# heres a pic



## Aefr (Jul 20, 2014)

I thought id post a pic for you all to check out. Hope you like it.


----------



## Blade (Jun 5, 2014)

Nice kill!
Those bands look pretty long... you go full butterfly for hunting or are you just really tall?


----------



## August West (Jan 21, 2012)

Nice set up, love that natural. Nice shooting too.


----------



## ghost0311/8541 (Jan 6, 2013)

Good job.


----------



## Charles (Aug 26, 2010)

Nice looking shooter, and a good shot.

Cheers .... Charles


----------



## Aries666 (Feb 22, 2014)

Nice shot! I'm surprised its head didn't explode after getting hit with a full sized marble! Looks like a nice clean kill to me my friend


----------



## wolf98 (Mar 2, 2014)

nice shot and a good Meal


----------



## justin9900 (Mar 4, 2014)

dead center


----------



## Aefr (Jul 20, 2014)

Thanks guys! I'm glad you liked it.


----------



## Aefr (Jul 20, 2014)

Blade said:


> Nice kill!
> Those bands look pretty long... you go full butterfly for hunting or are you just really tall?
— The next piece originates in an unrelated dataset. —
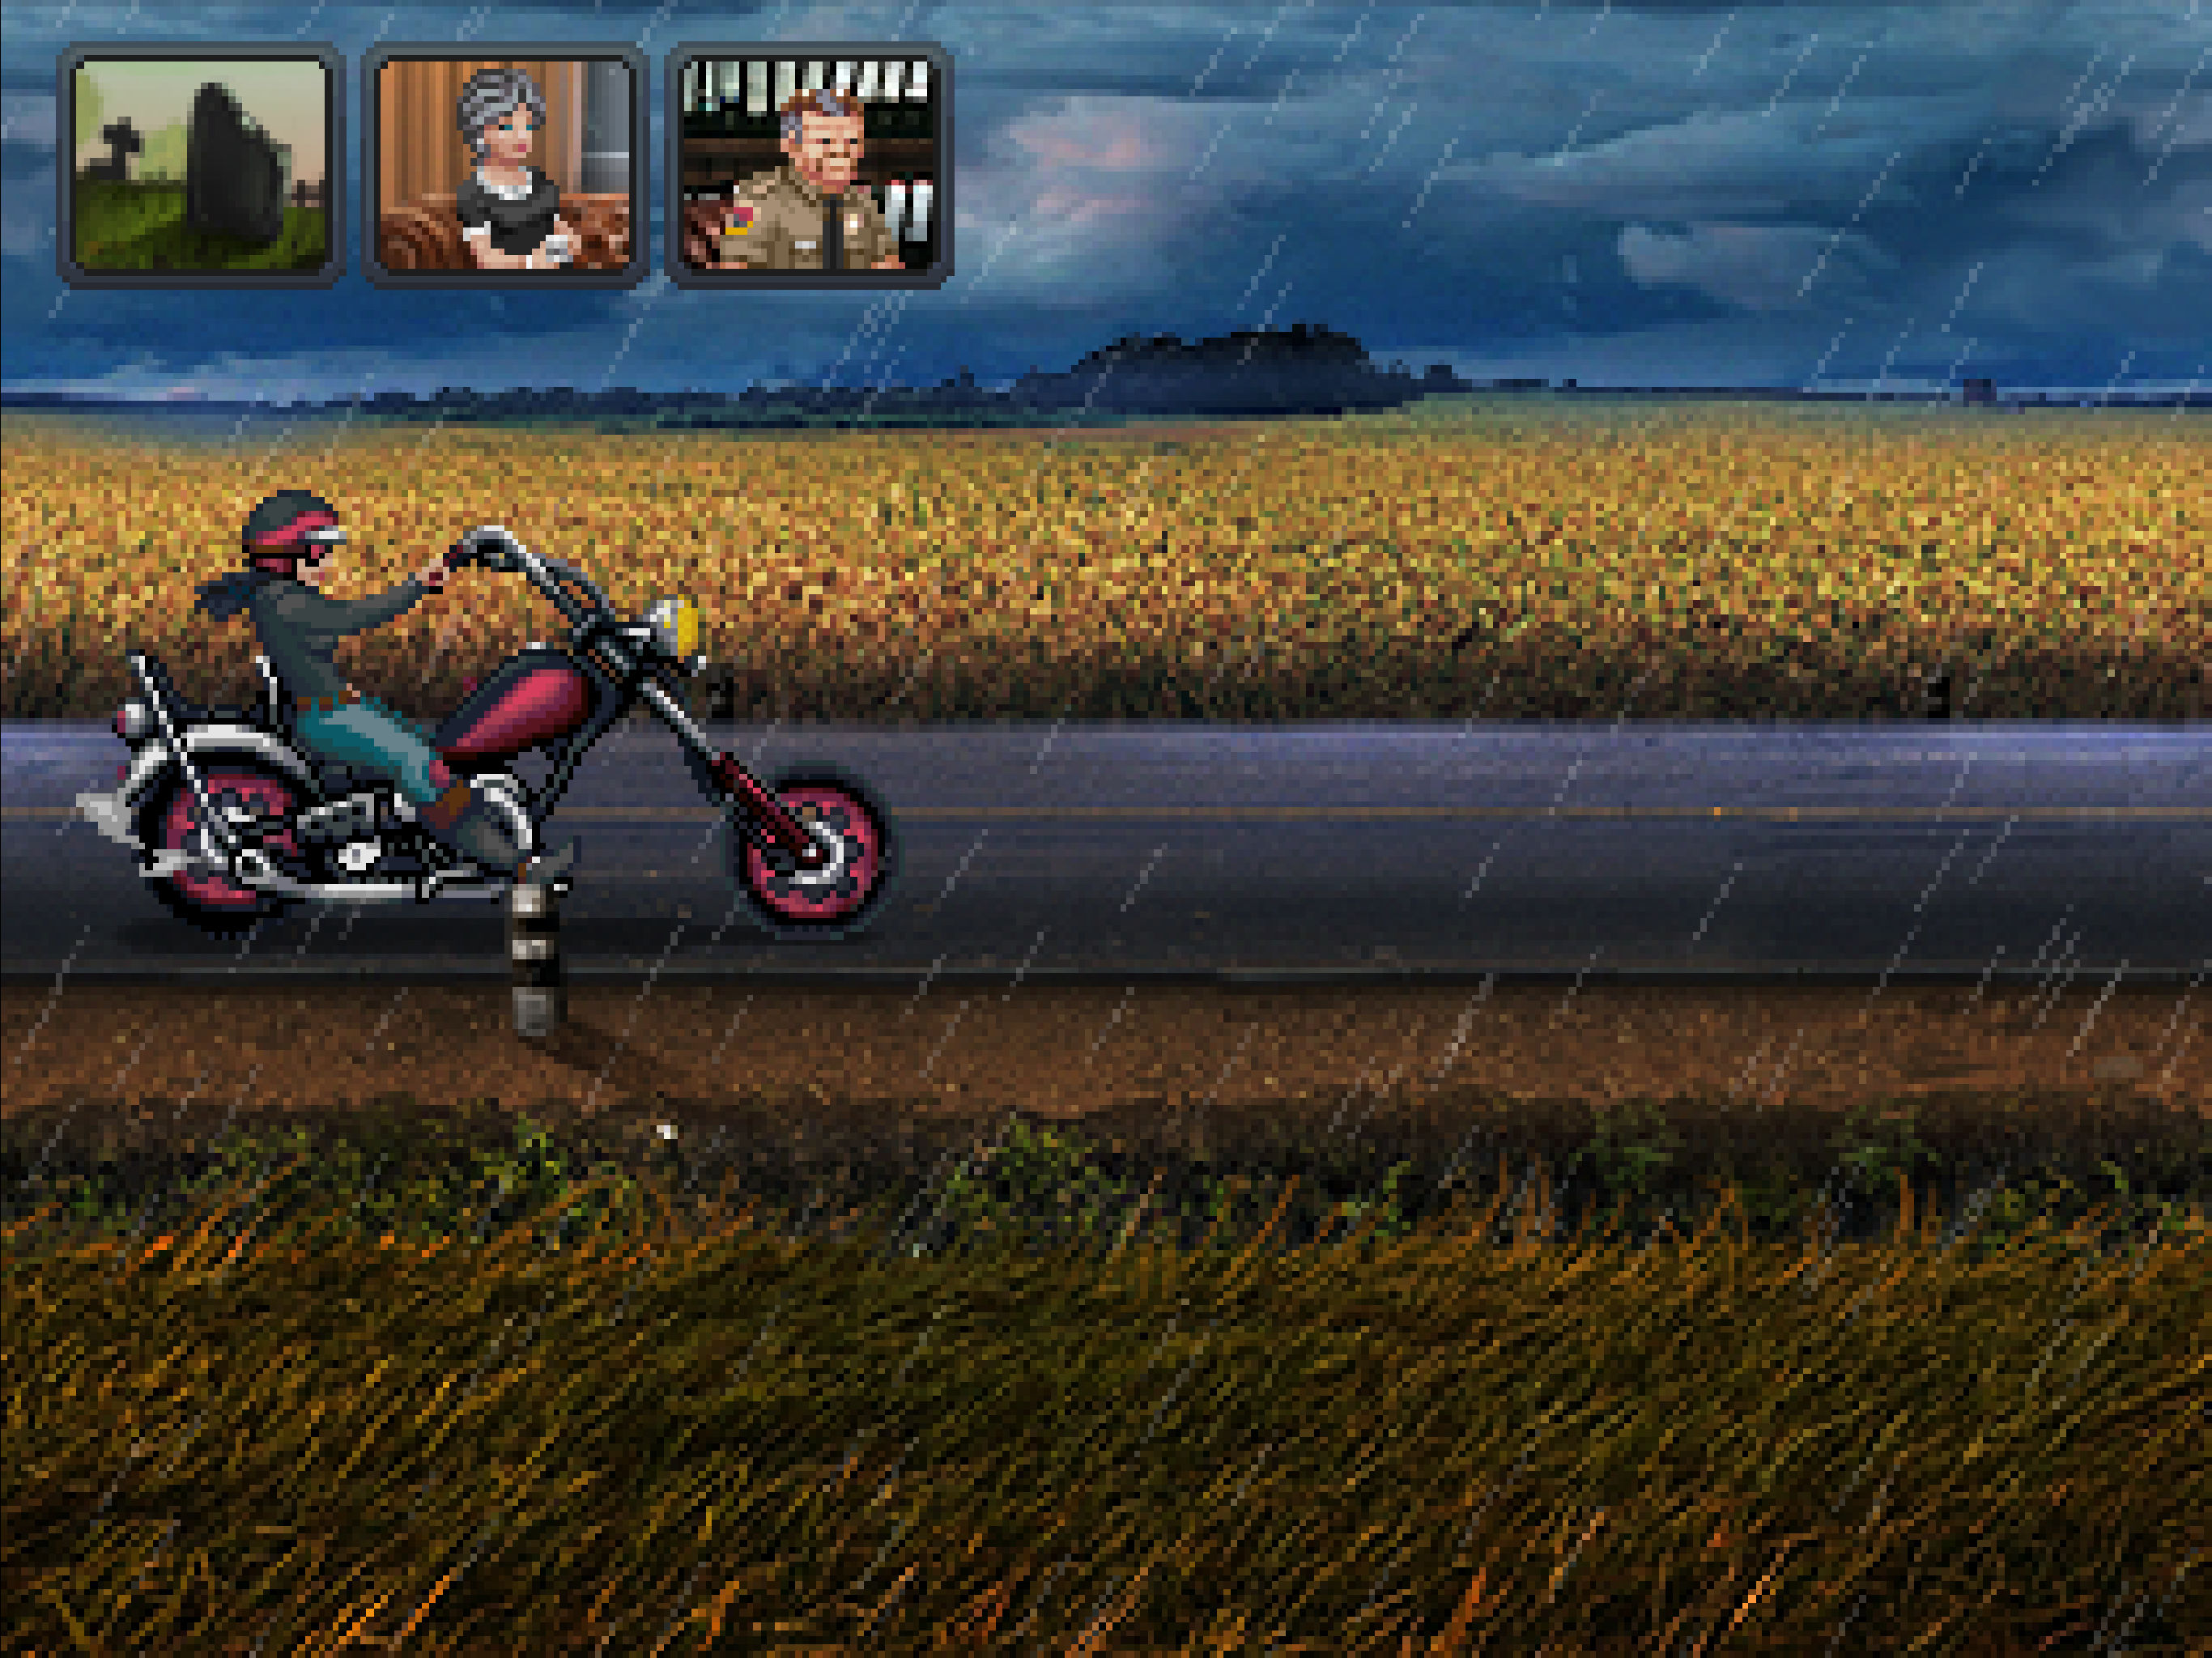 kathy-rain-motorcycle

I think its called 3/4 butterfly here on the forum. It was a snap shot that had this one tumbling through the air though.


----------



## ShadyBeach (May 28, 2014)

Good shot! I didn't think you could kill a squirrel with a marble... Wow!


----------



## Sharpshooter II (Apr 15, 2014)

Great little shooter


----------



## kenyaslinger (Jun 27, 2013)

Good shot! Whats the weight of the marble?


----------



## Aefr (Jul 20, 2014)

The marbles vary in weight, 5 or 6 grams. That's about 80 grains or more a piece.


----------